▶ _Input data_:
- Opening Delimiter -

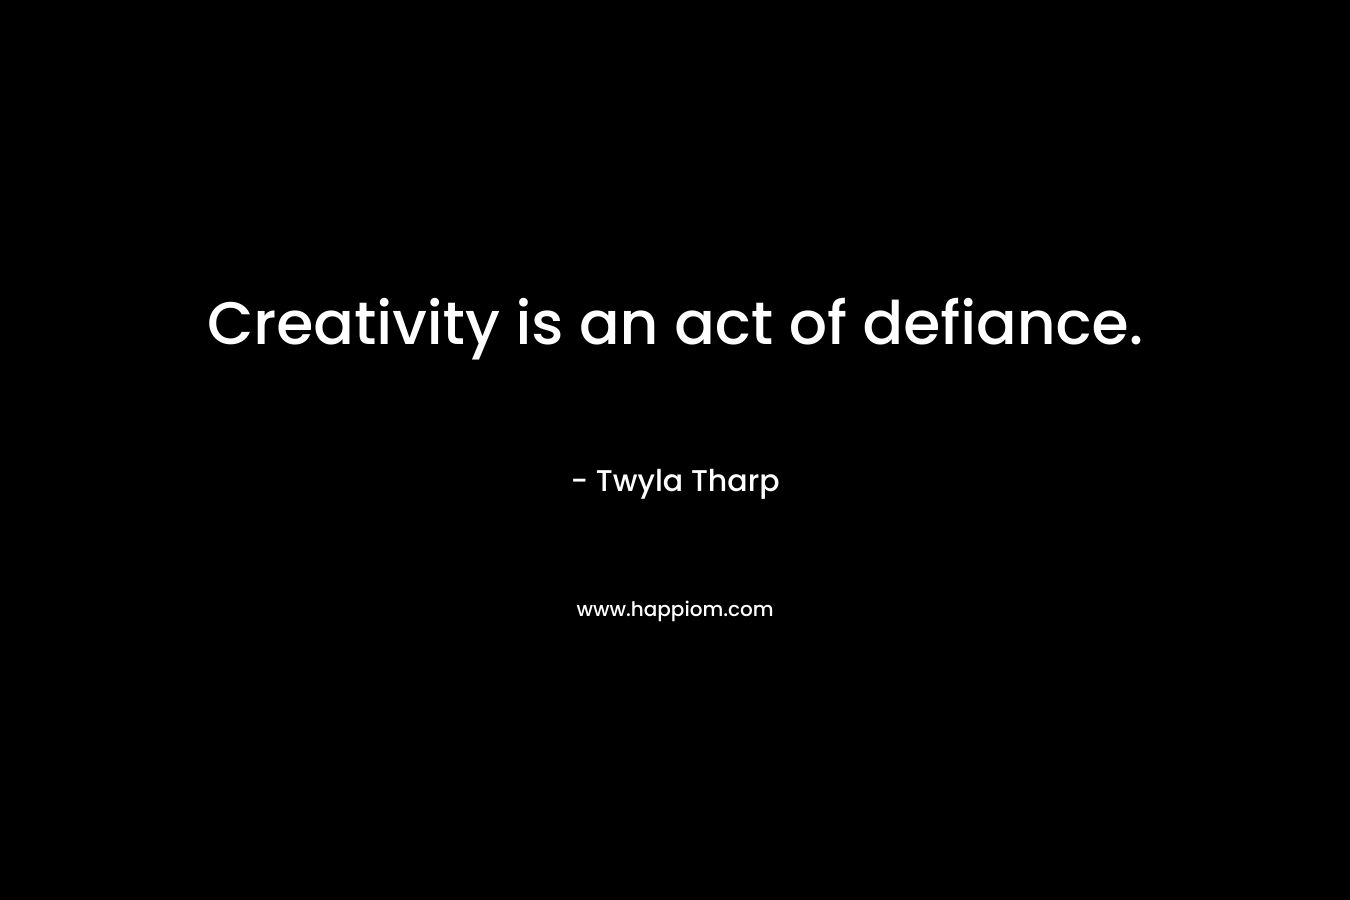 Creativity is an act of defiance.
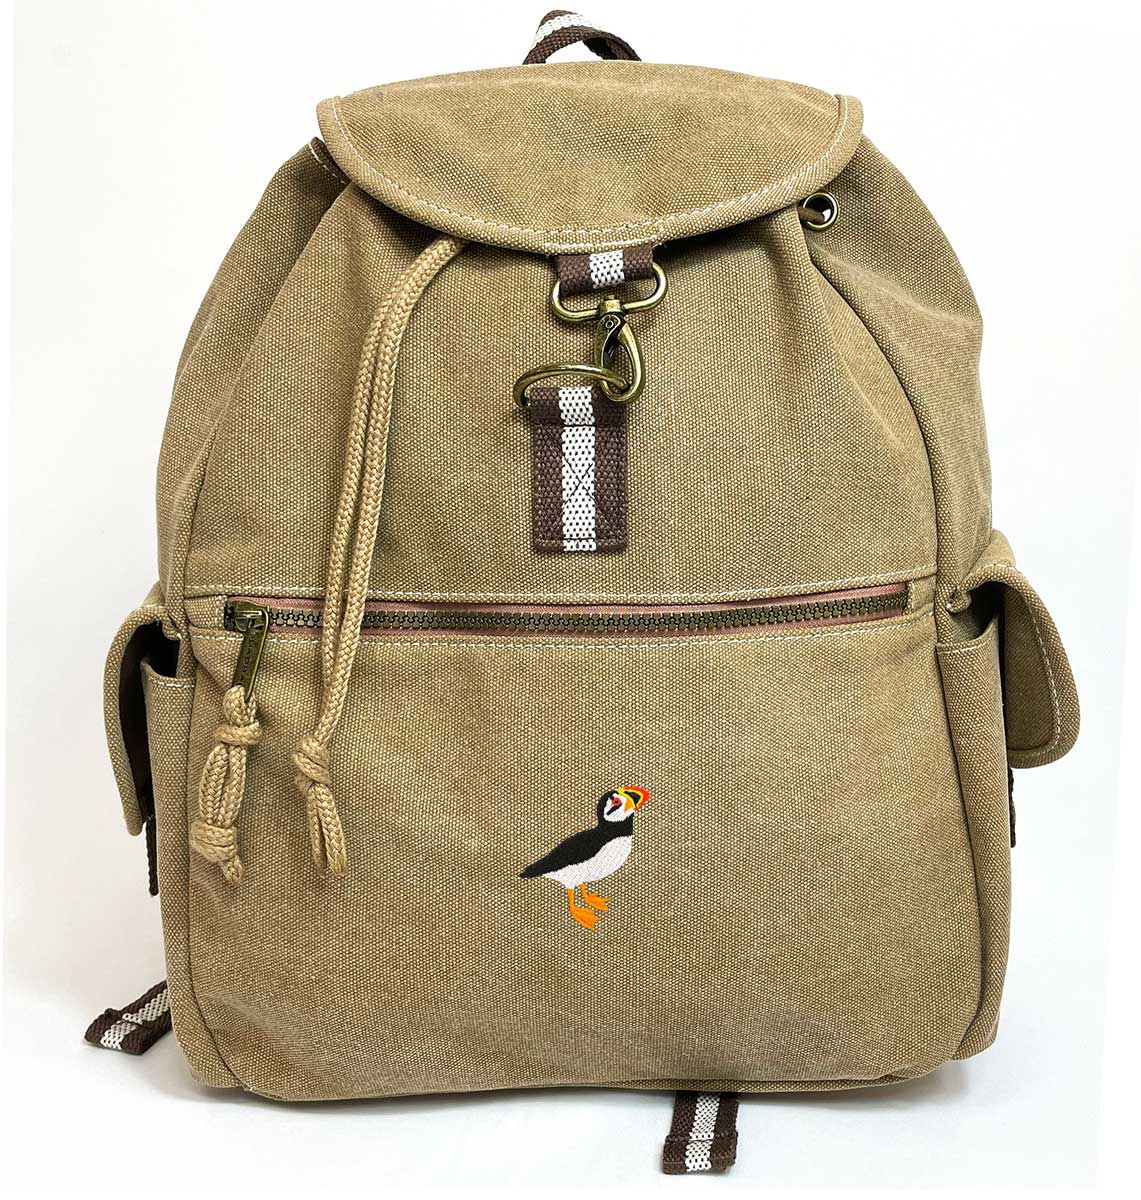 Puffin Vintage Canvas Backpack - Blue Panda
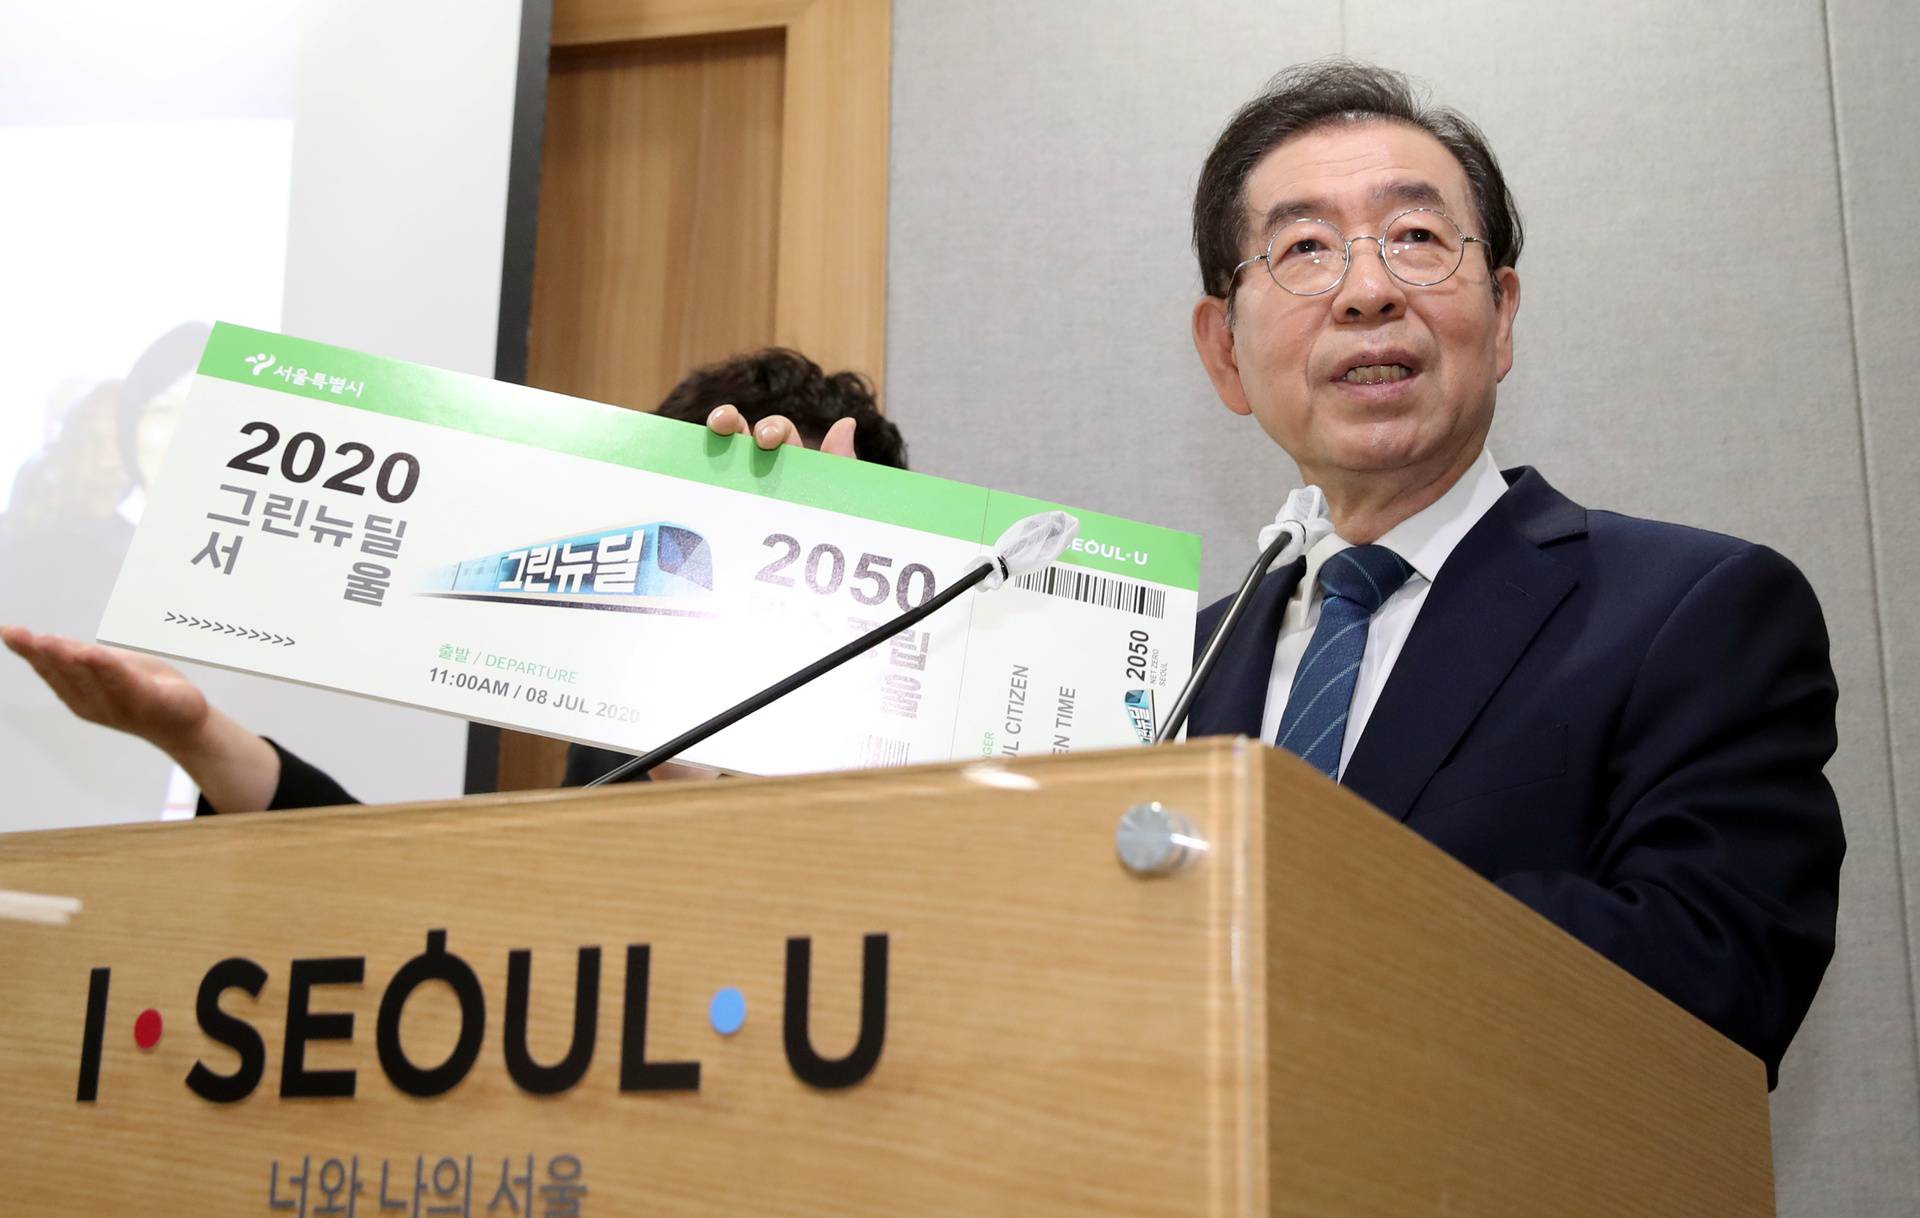 Seoul Mayor Park Won-soon speaks during an event at Seoul City Hall in Seoul

- Closing Delimiter -

▶ _Aim of the task_: The material is to be reproduced verbatim, and no picture may appear in the copy.

▶ _Answer area_:
 Creativity is an act of defiance.
 Puffin Vintage Canvas Backpack - Blue Panda
 Seoul Mayor Park Won-soon speaks during an event at Seoul City Hall in Seoul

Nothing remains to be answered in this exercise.